Now I like to think that I can bend those systems to my will as well. :)

Good luck with your small business endeavors.

------
PaulHoule
I remember being taught how to mop a floor by the store manager at a
supermarket. It's a very small thing but it added to my positive feeling about
the company.

------
CodeSheikh
Hiring MBAs at tech companies as managers directly managing engineers has not
proved to be effective. MBAs have traditionally worked in finance, oil and
other Wall Street companies and everyone thought that bringing in MBAs to tech
world (partially pushed by investors) would be a good idea. As with any new
experiment, you just have to wait and let the time decide the results. And it
has been few good years now since MBAs have flooded tech industry and as many
like minded engineers have experienced, MBAs with no technical background are
a bust as your decision making managers. Sure they can thrive at duties such
as managing supply chain management of a large tech companies such as Apple or
Amazon.

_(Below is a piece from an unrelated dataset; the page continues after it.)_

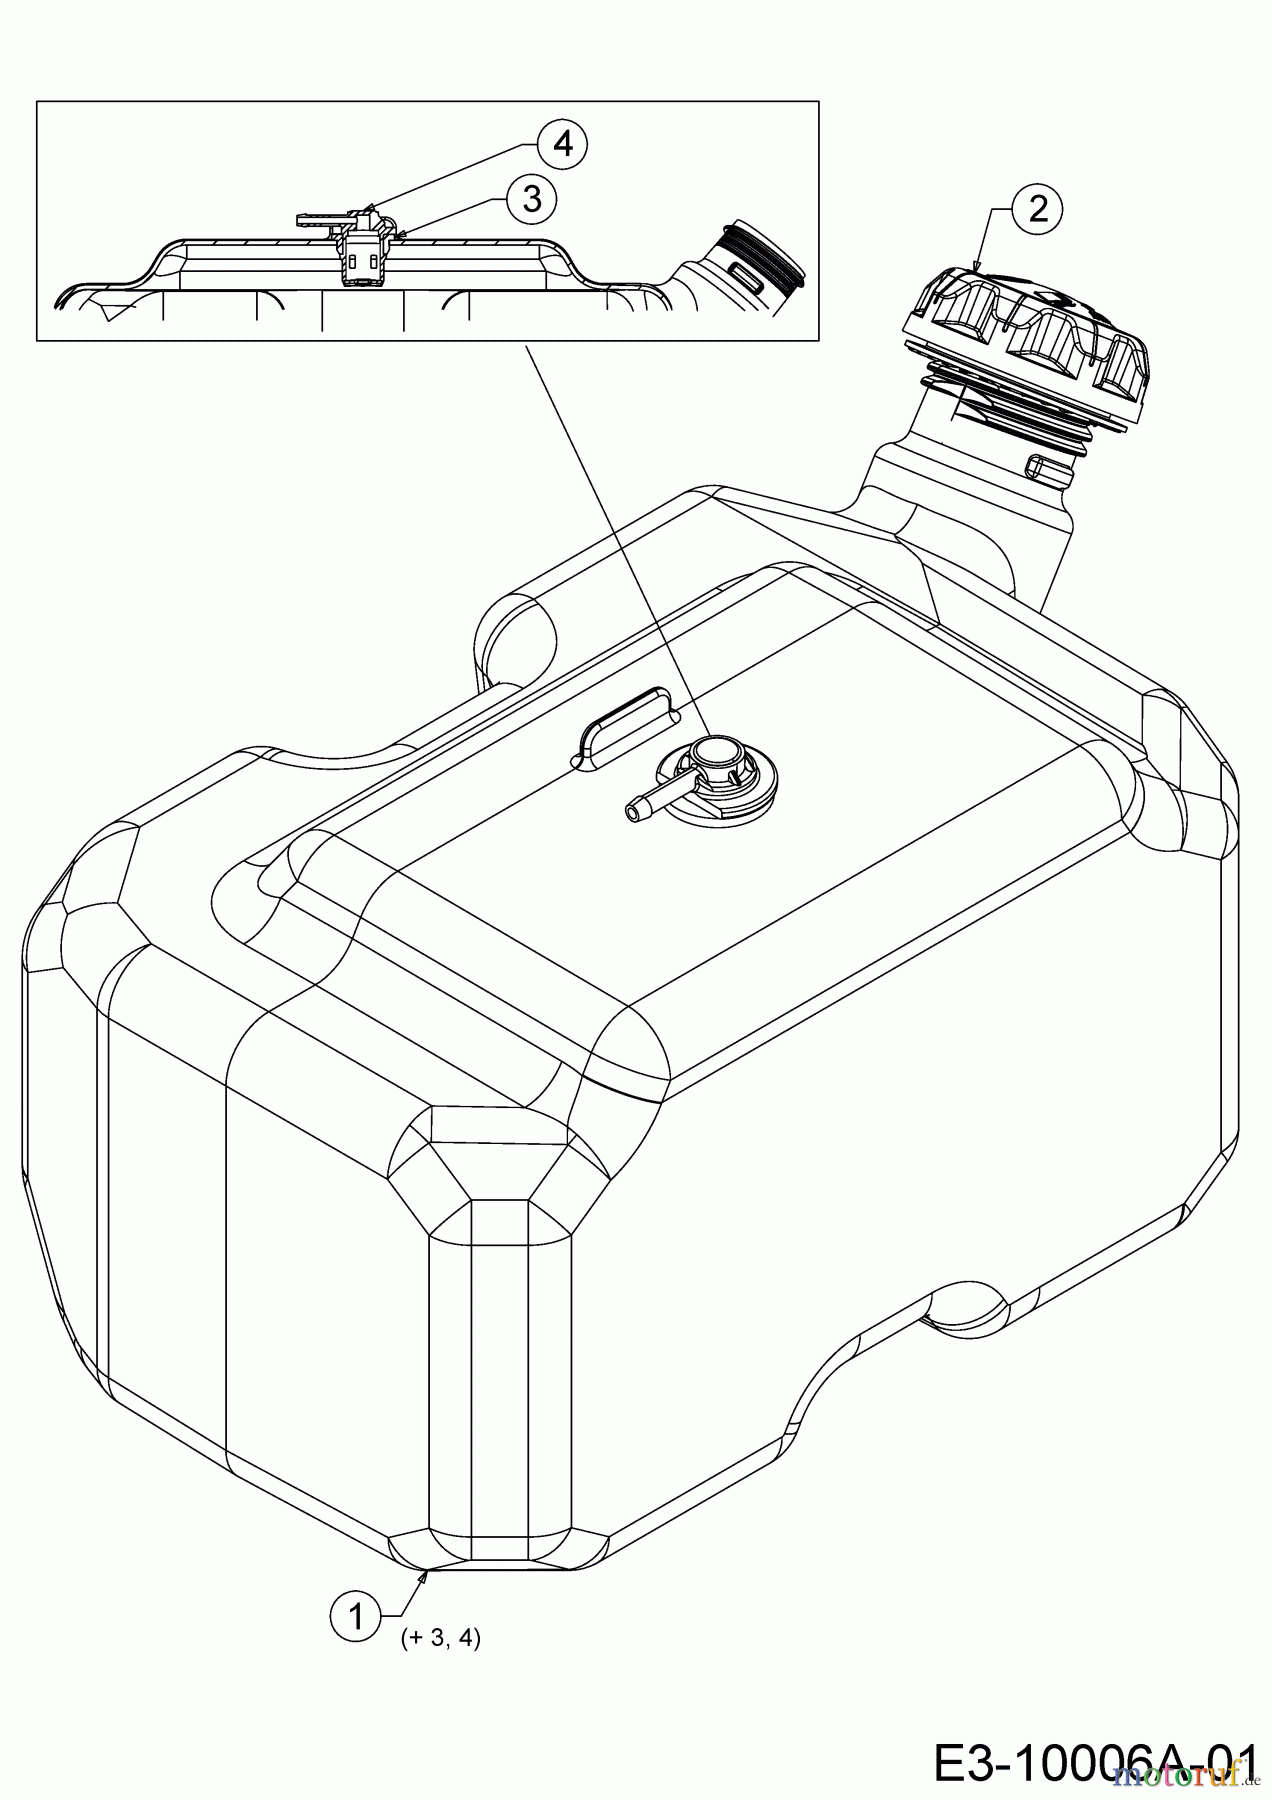  WOLF-Garten Expert Rasentraktoren 106.185 H 13BLA1VR650  (2018) Tank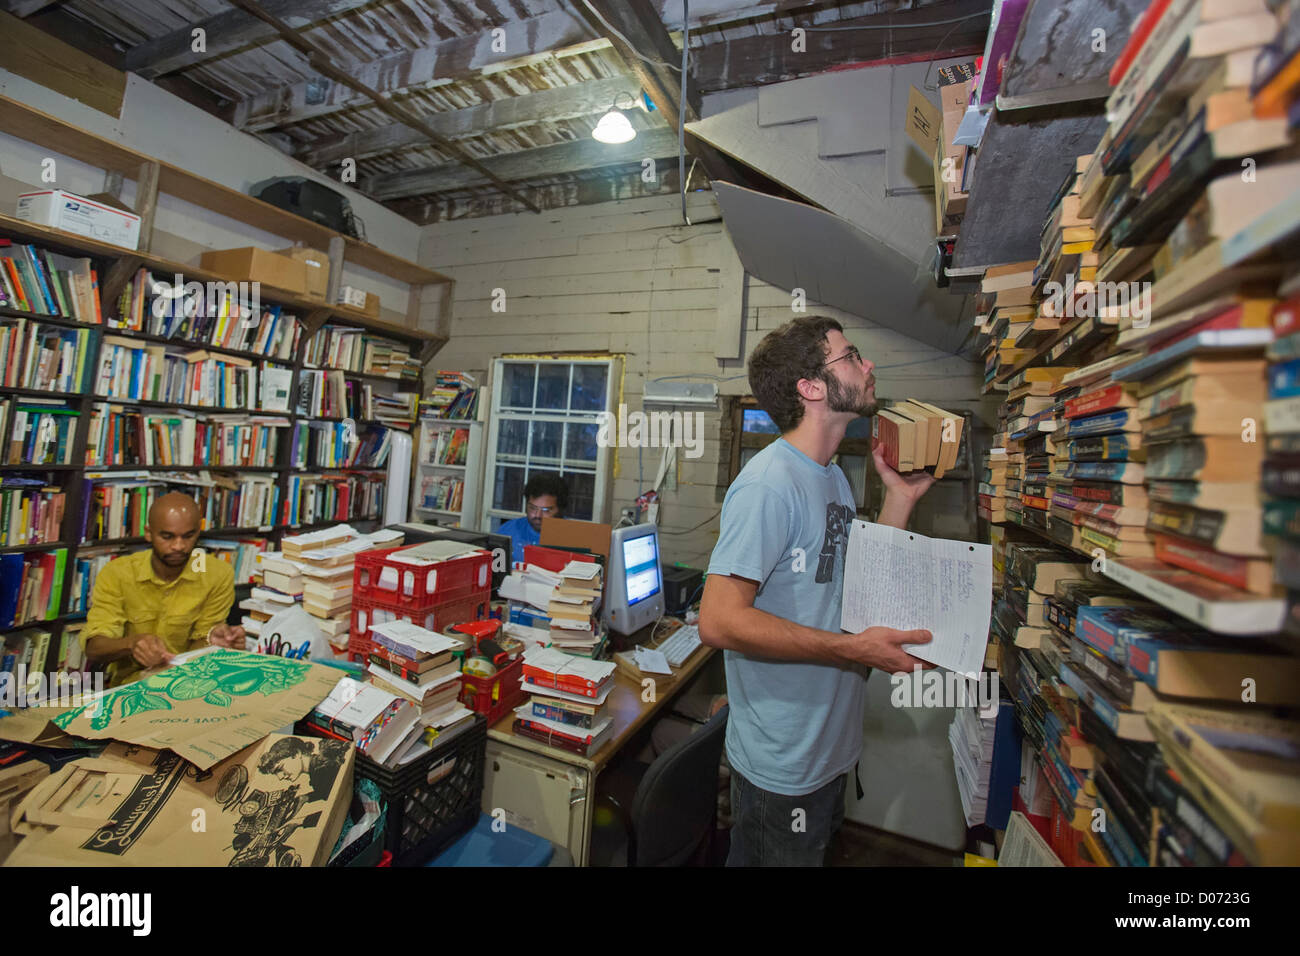 Voluntarios en Louisiana Libros 2 prisioneros seleccionar libros para enviar a los presos. Foto de stock

Or dealing with international clients where your "prized" skills such
as charisma, emotional intelligence and thinking on the feet matters.

------
CarpetBench
The most surprising part about this to me is that this matters at the top.
Sure, for a middle manager it makes sense that it matters quite a bit. I'm
pretty surprised that it matters much at the top, though.

If Elon Musk decided to head a major grocery chain I wouldn't stop to consider
whether his lack of experience in retail groceries mattered much. But maybe it
does?

Really interesting to see the analogy extend to sports, too. Professional
sports teams, even successful ones, are almost universally run (coaches, GMs,
etc.) by people who didn't play at a high level. Without actually pulling the
numbers up, I'd estimate with high probability that the number of "all-stars"
either managing or running teams is countable on one hand.

I mean, hell, this year's superbowl is being lead by two coaches who played D3
football, and one GM who played football for a Canadian university. One of
said coaches is pretty universally considered one of the greatest coaches of
all time.

For the most part these coaches/GMs absolutely could not do the job of the
players on the field, nor could they ever.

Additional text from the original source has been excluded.